## INSTRUCTIONS TO FOLLOW
Using the data below, restate exactly every line from the one with "Decorative Line Black" up to and including the one with "bcmaster 5w 5v". No picture belongs in it.
EXTRACTED DATA START
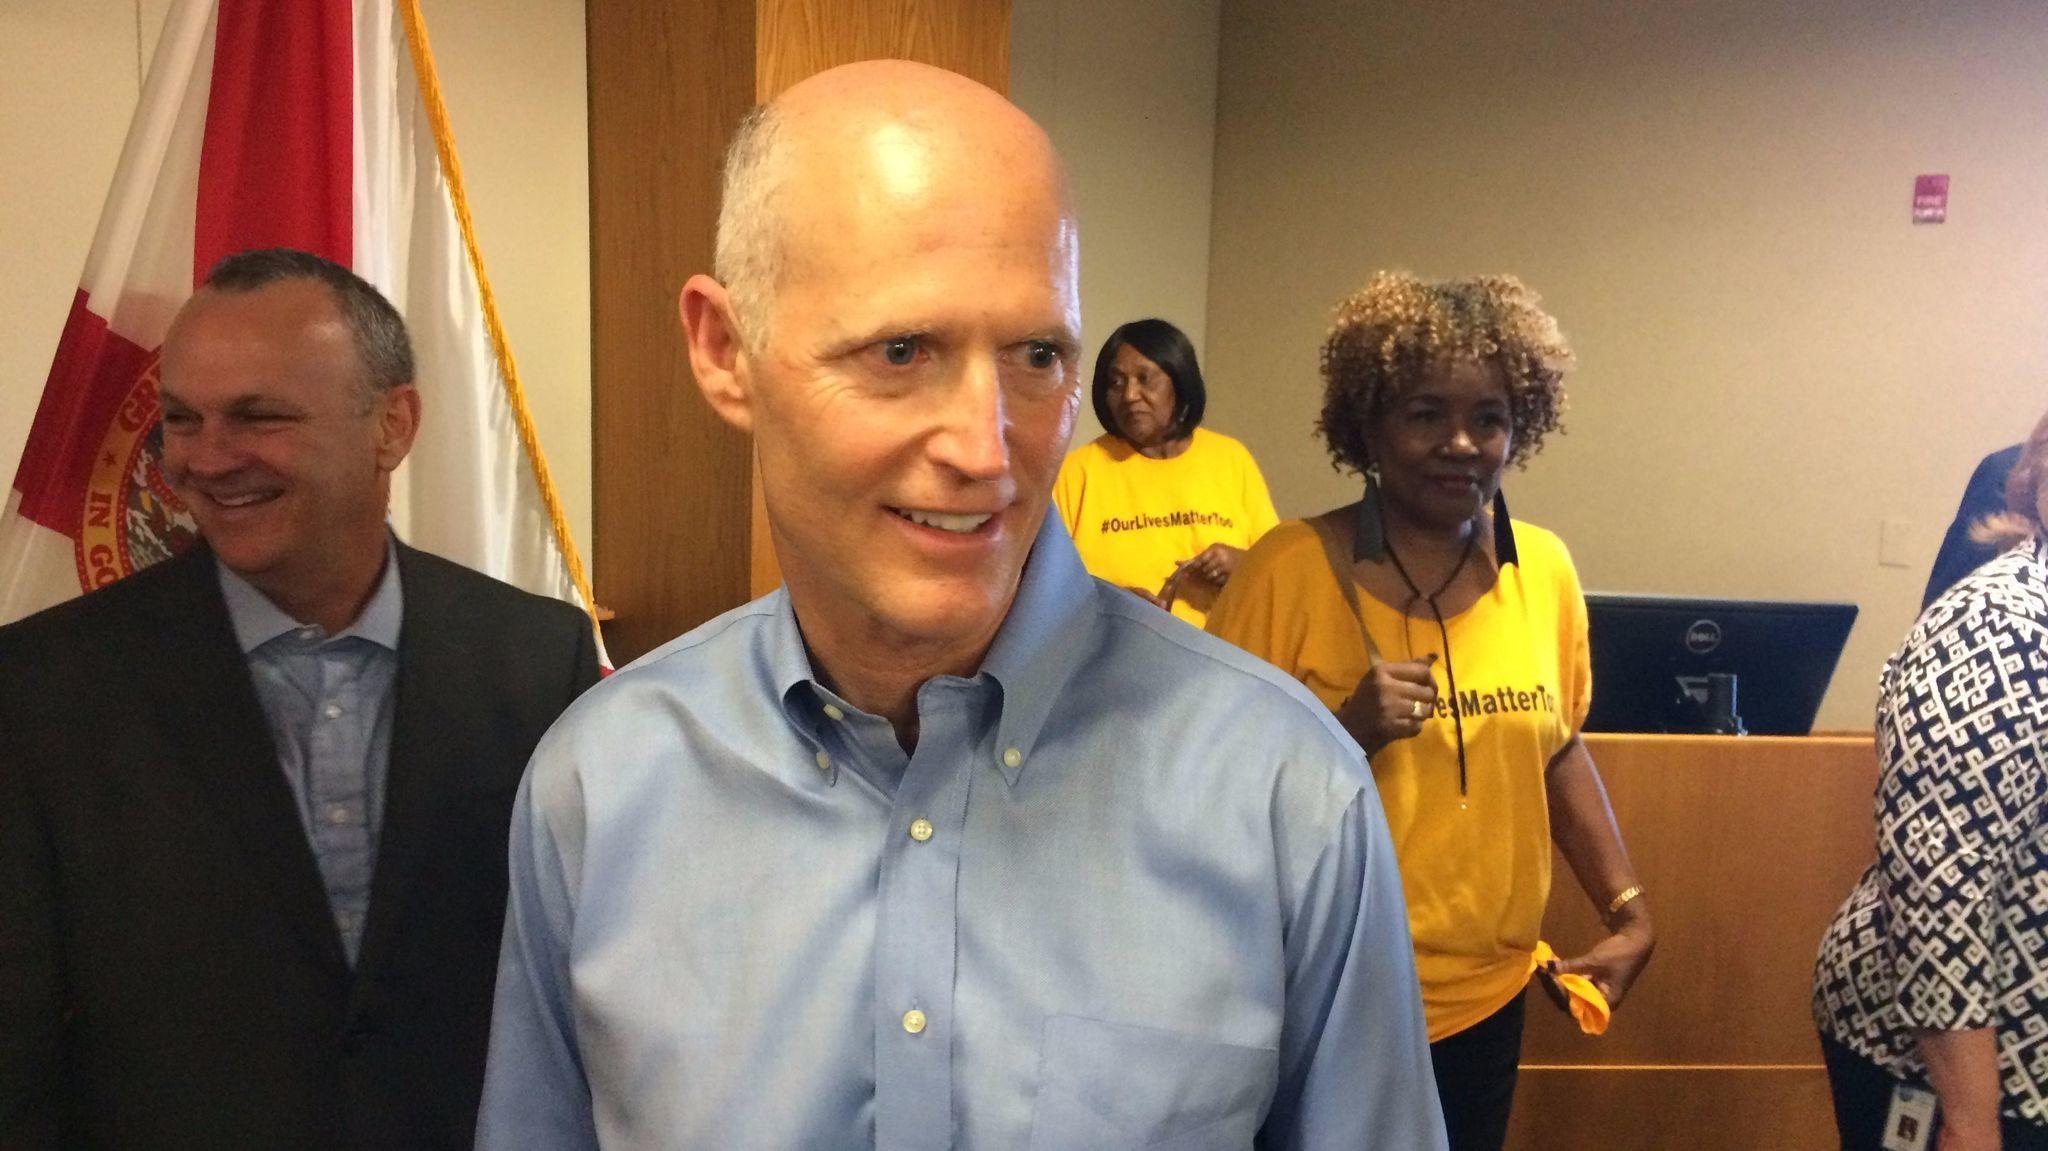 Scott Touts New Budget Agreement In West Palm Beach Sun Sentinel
EXTRACTED DATA END
EXTRACTED DATA START
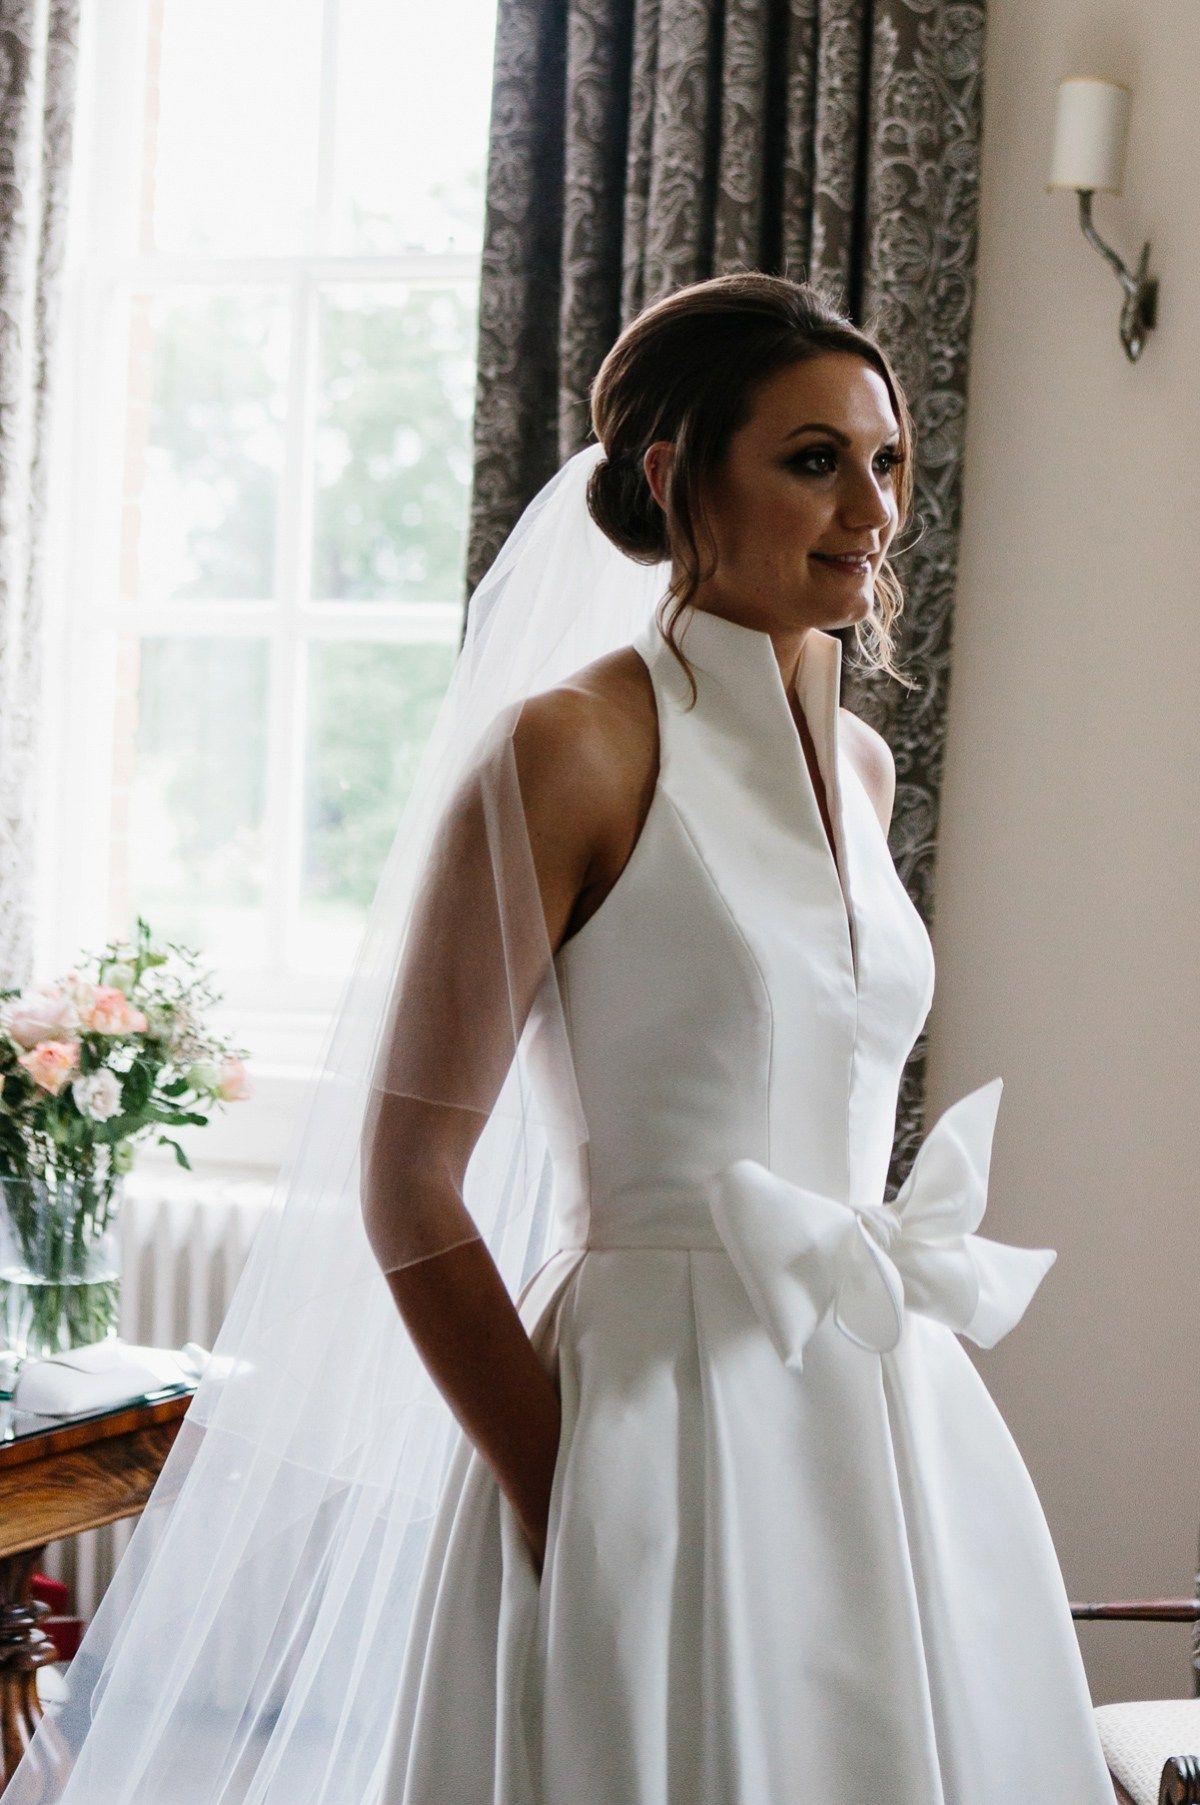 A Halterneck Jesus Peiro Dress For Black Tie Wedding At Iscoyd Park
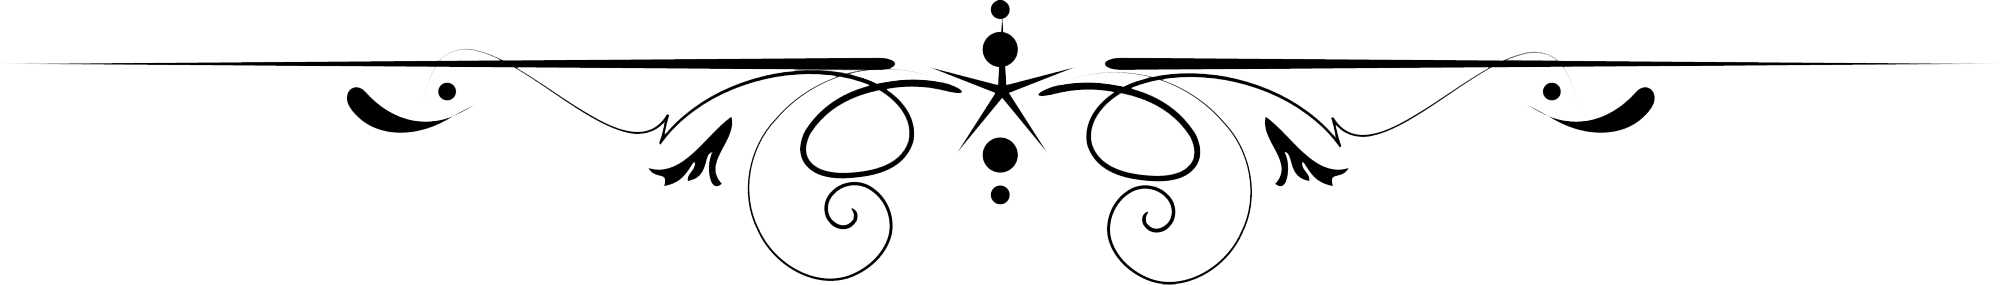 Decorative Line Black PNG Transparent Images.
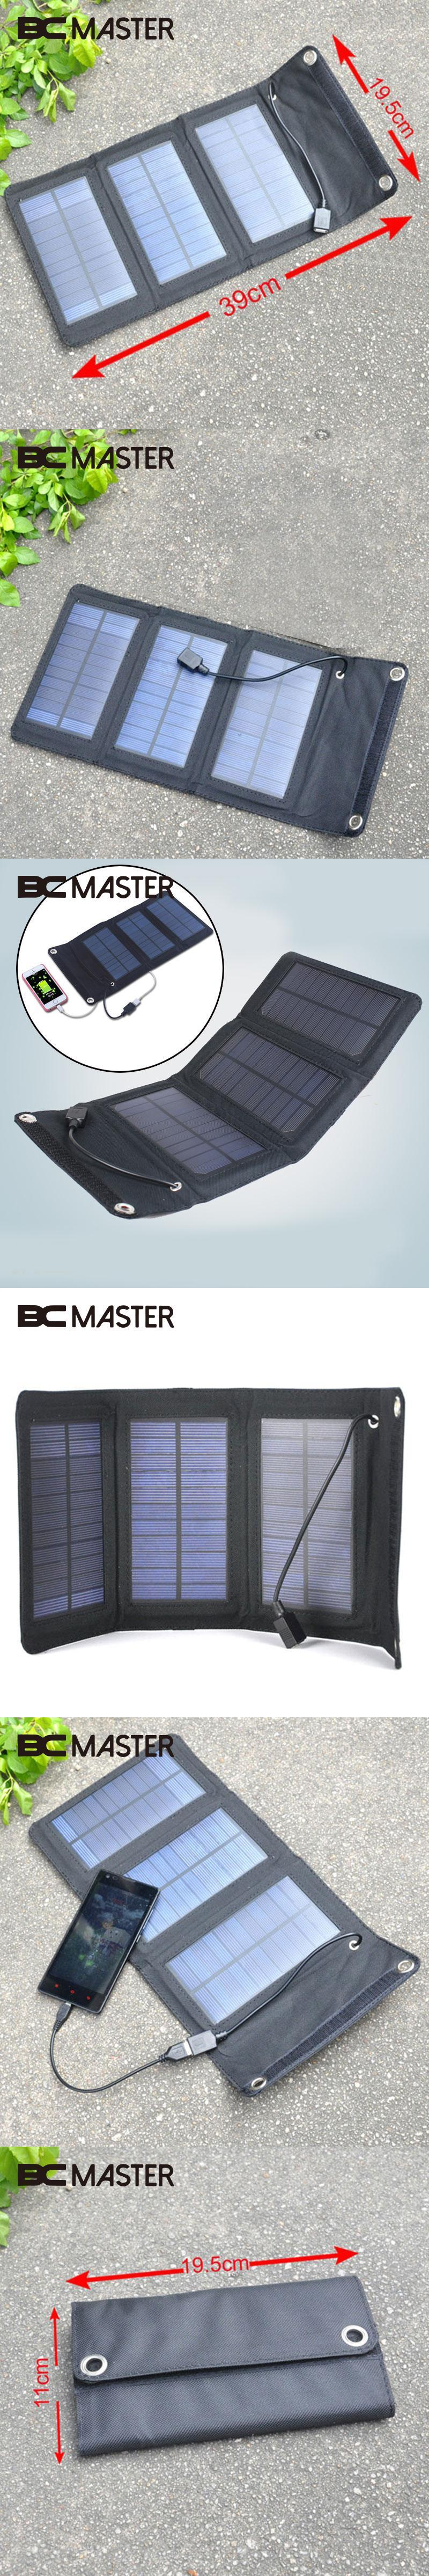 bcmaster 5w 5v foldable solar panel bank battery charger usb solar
EXTRACTED DATA END
## TASK OUTPUT
 Decorative Line Black PNG Transparent Images.
 bcmaster 5w 5v foldable solar panel bank battery charger usb solar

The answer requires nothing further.